- **Data section**
========================
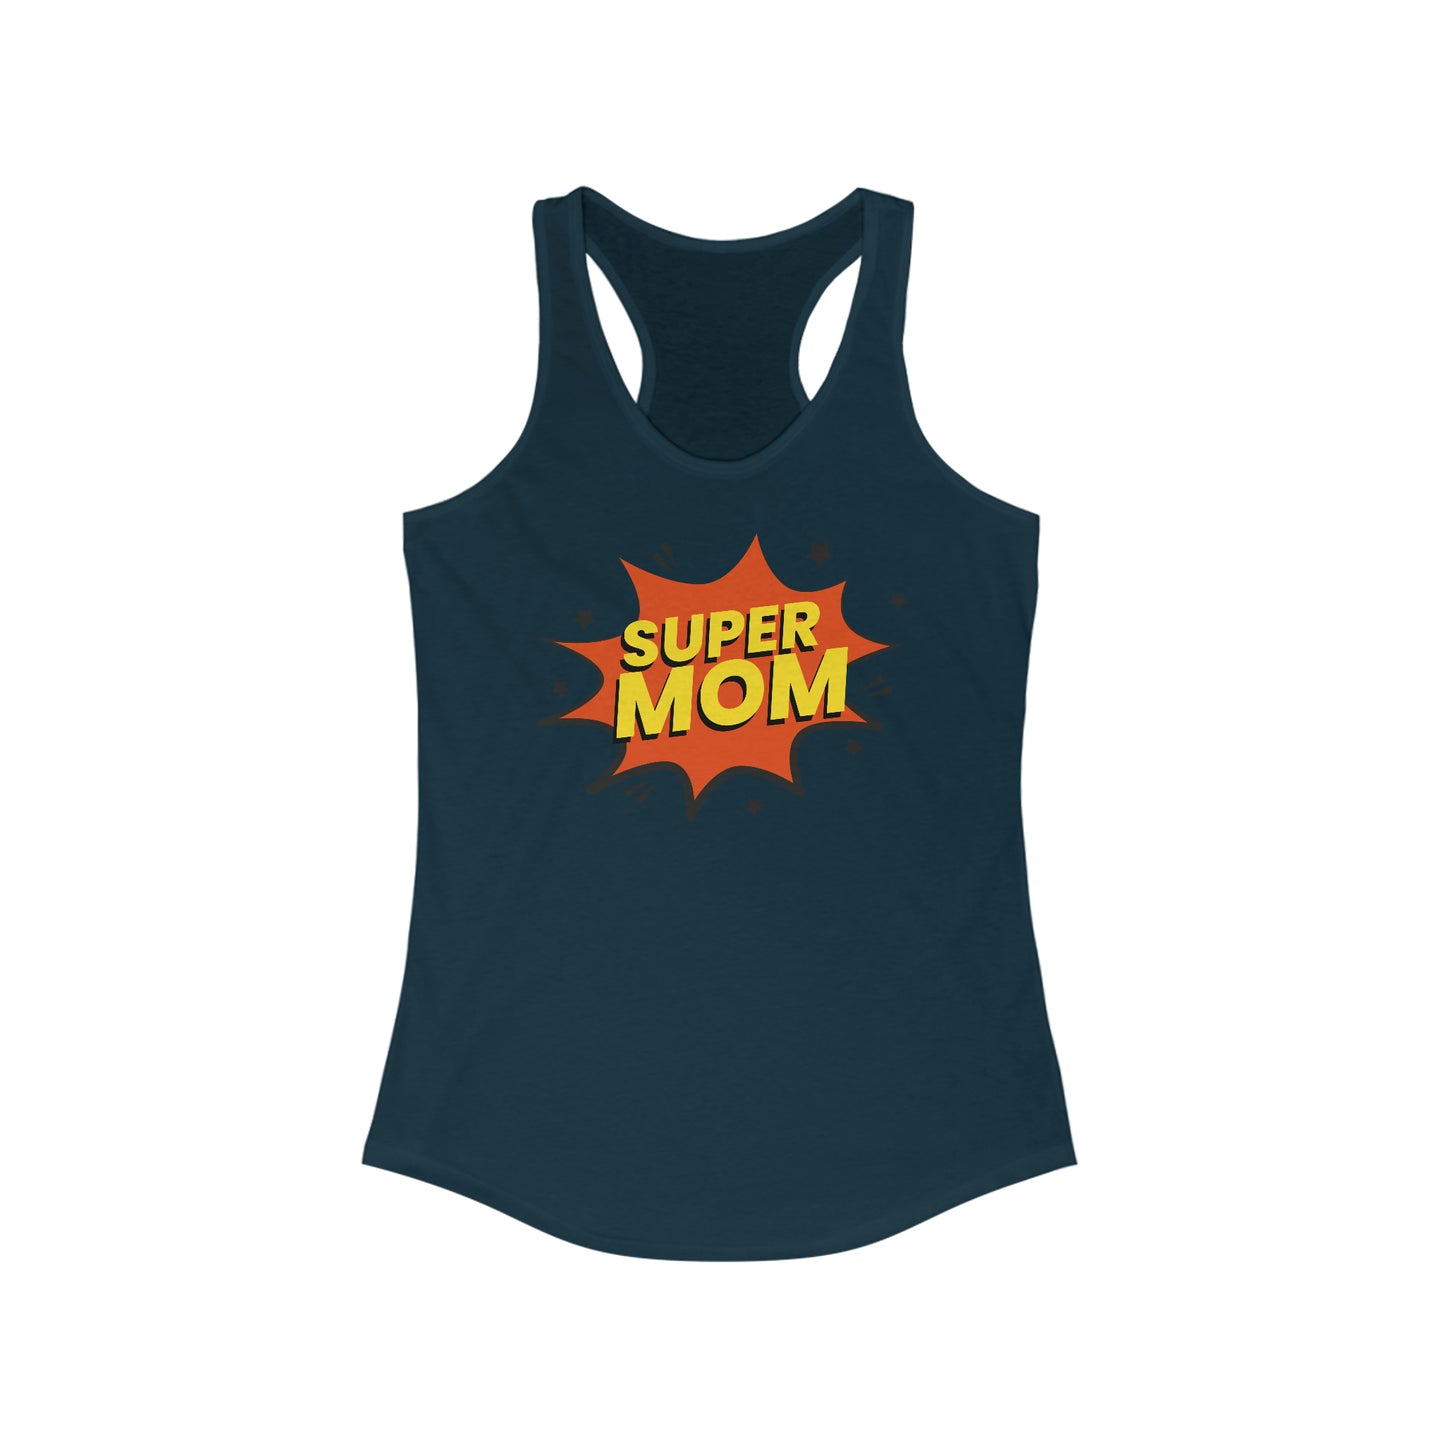 Super Mom Women's Ideal Racerback Tank
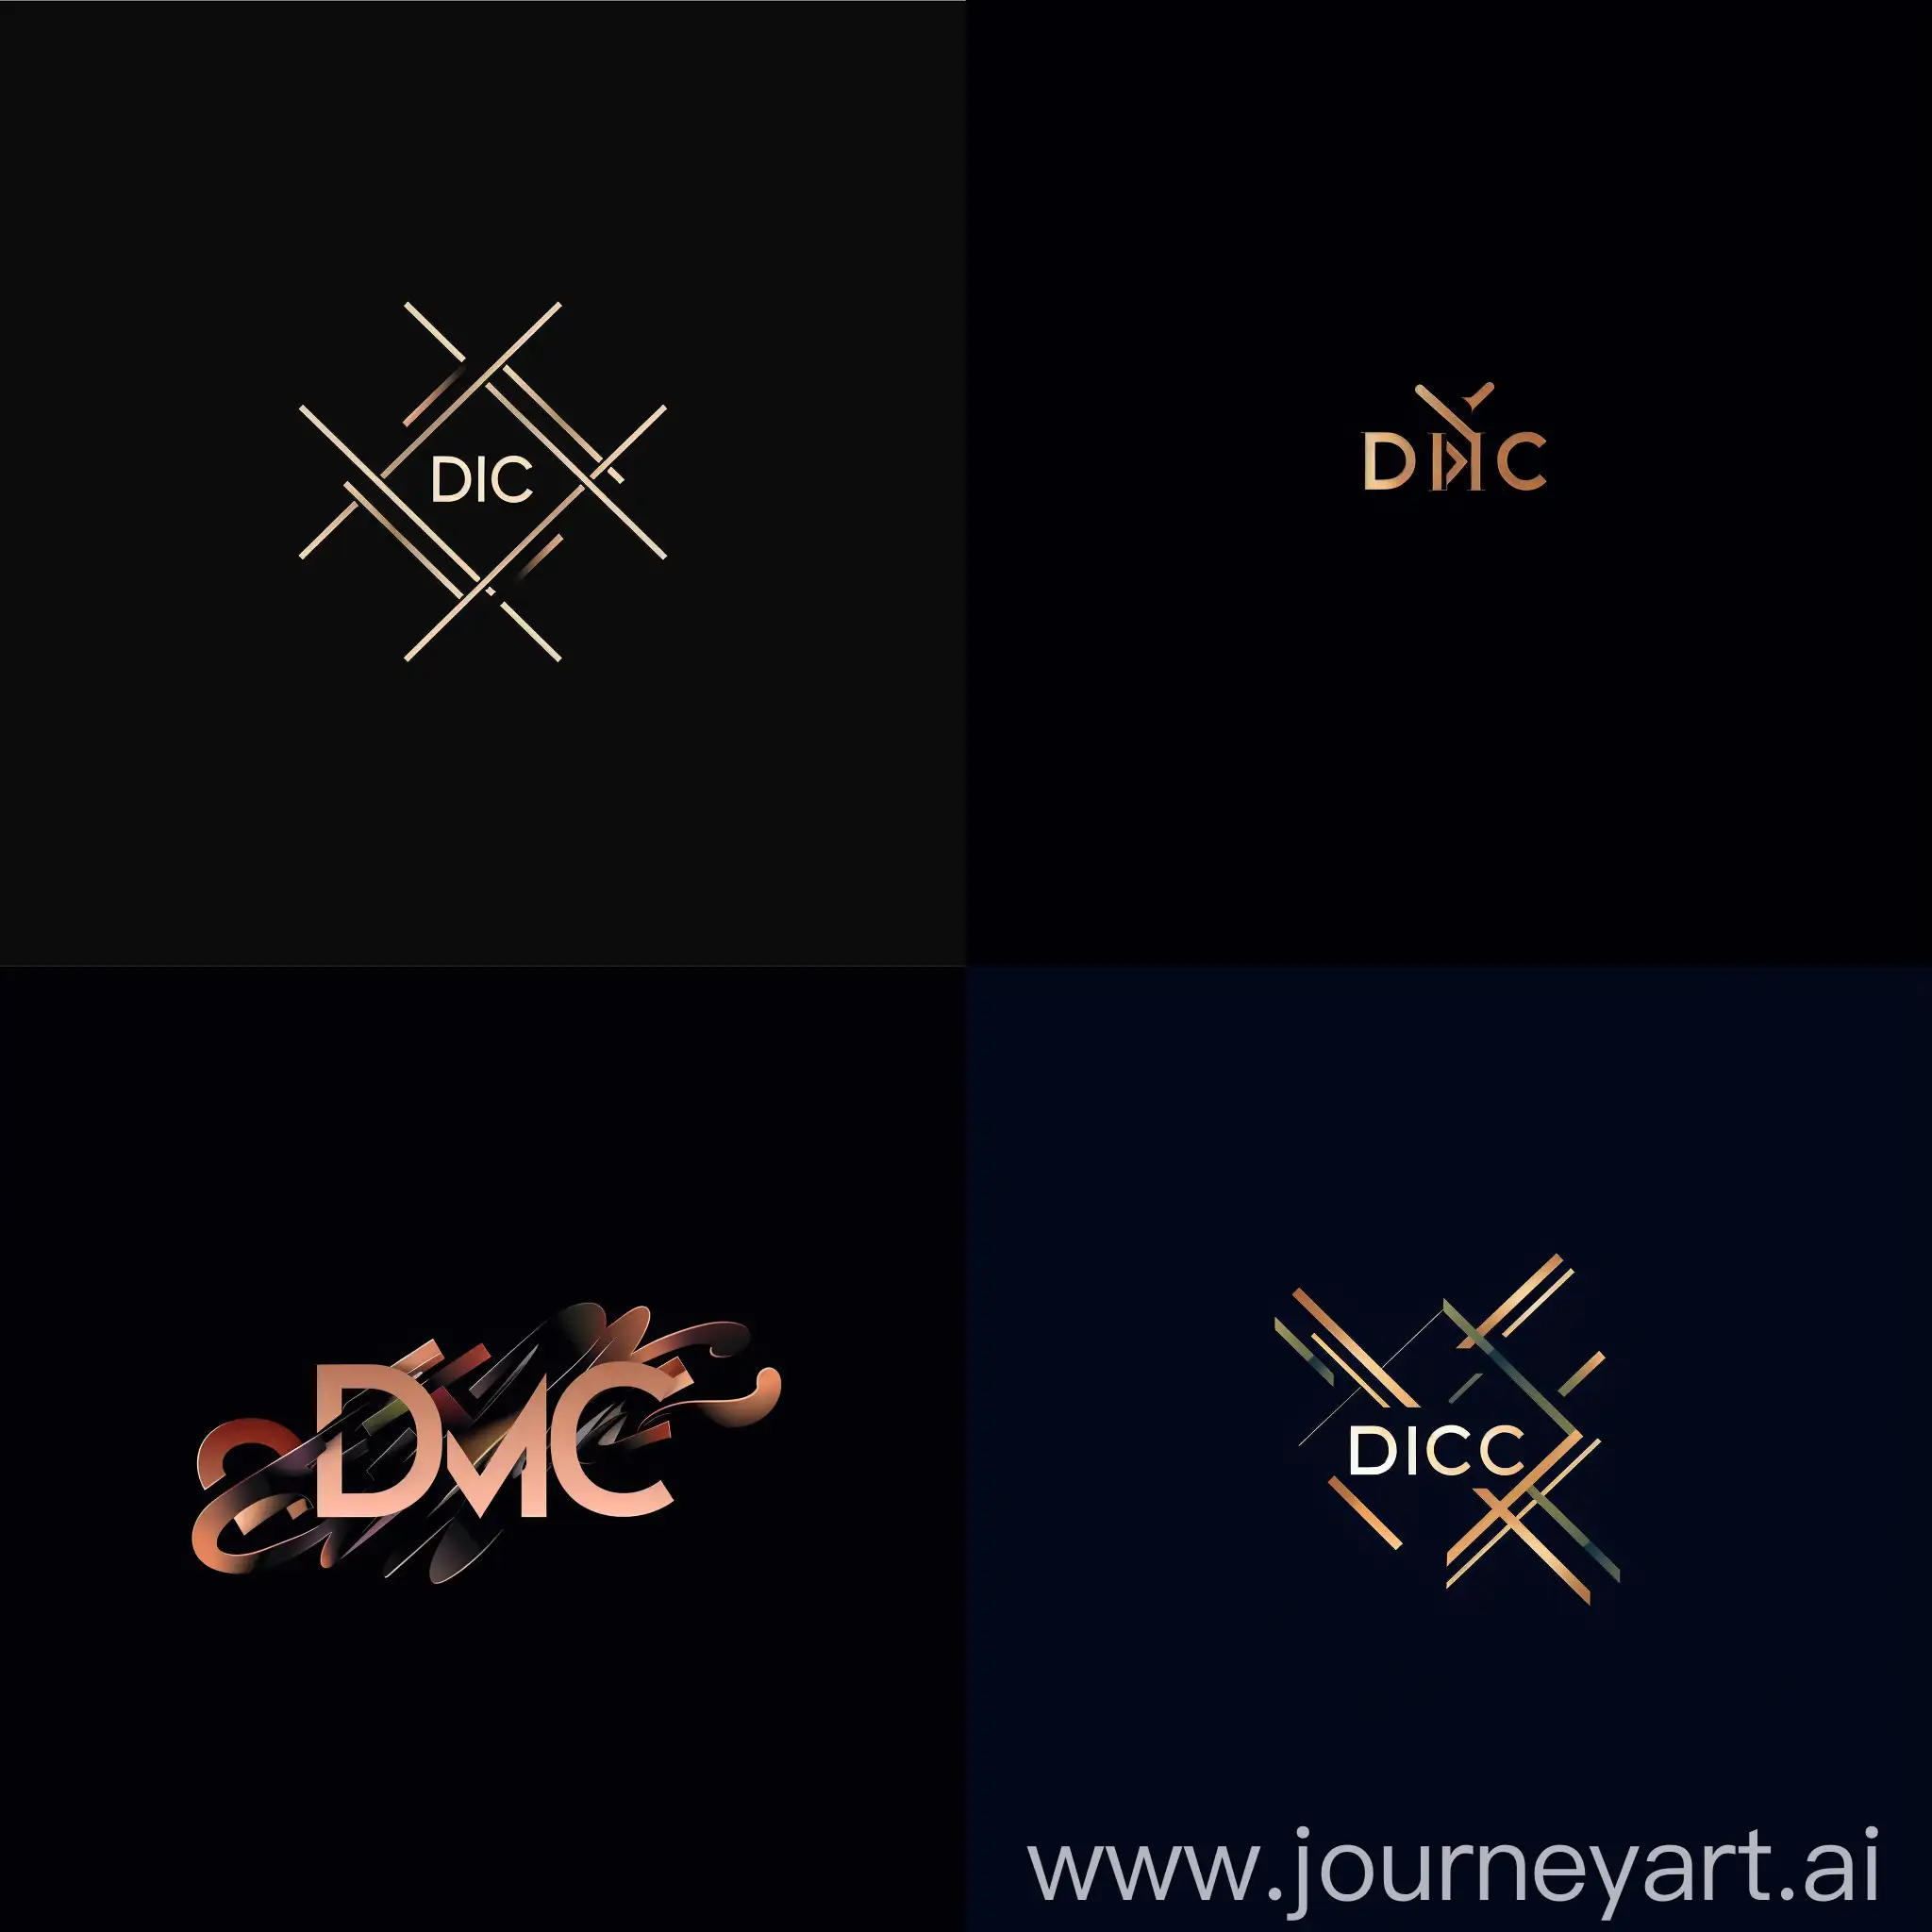 Minimalistic-Dark-Logo-Design-with-DKC-Inscription
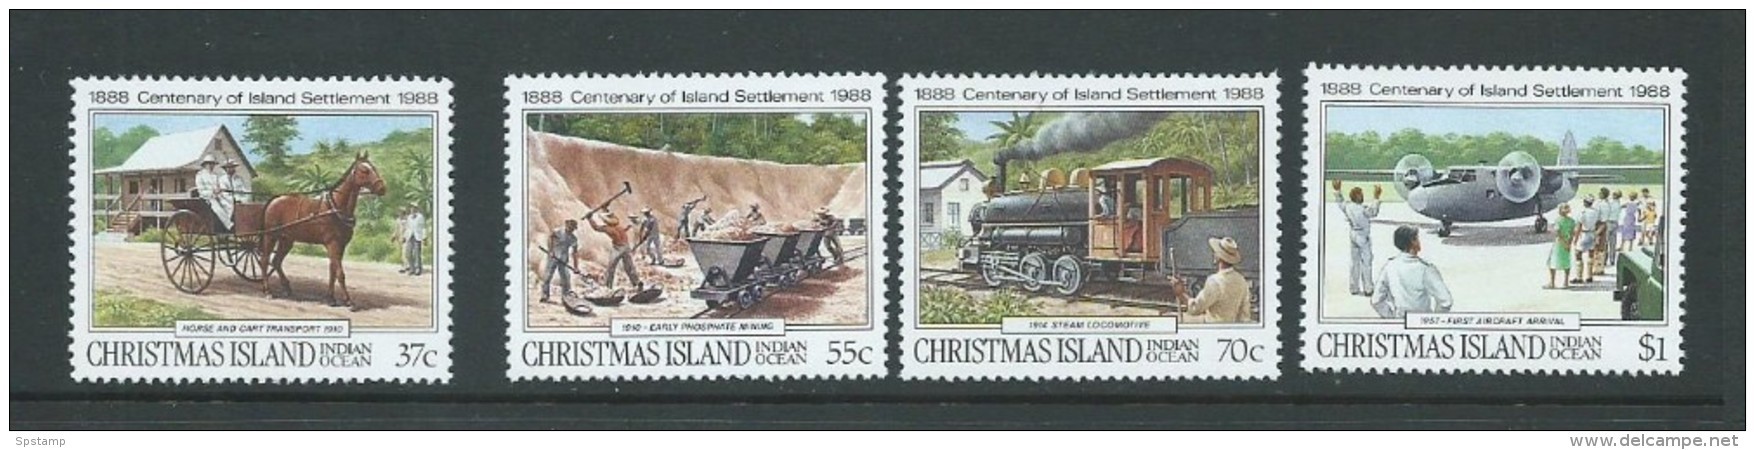 Christmas Island 1988 Settlement Centenary & Transport Set 4 MNH - Christmas Island
========================
- **Exercise description**
You are asked to reproduce each line above exactly, but to exclude the pictures.

- **Exercise answer**
 Super Mom Women's Ideal Racerback Tank
 Minimalistic-Dark-Logo-Design-with-DKC-Inscription
 Christmas Island 1988 Settlement Centenary & Transport Set 4 MNH - Christmas Island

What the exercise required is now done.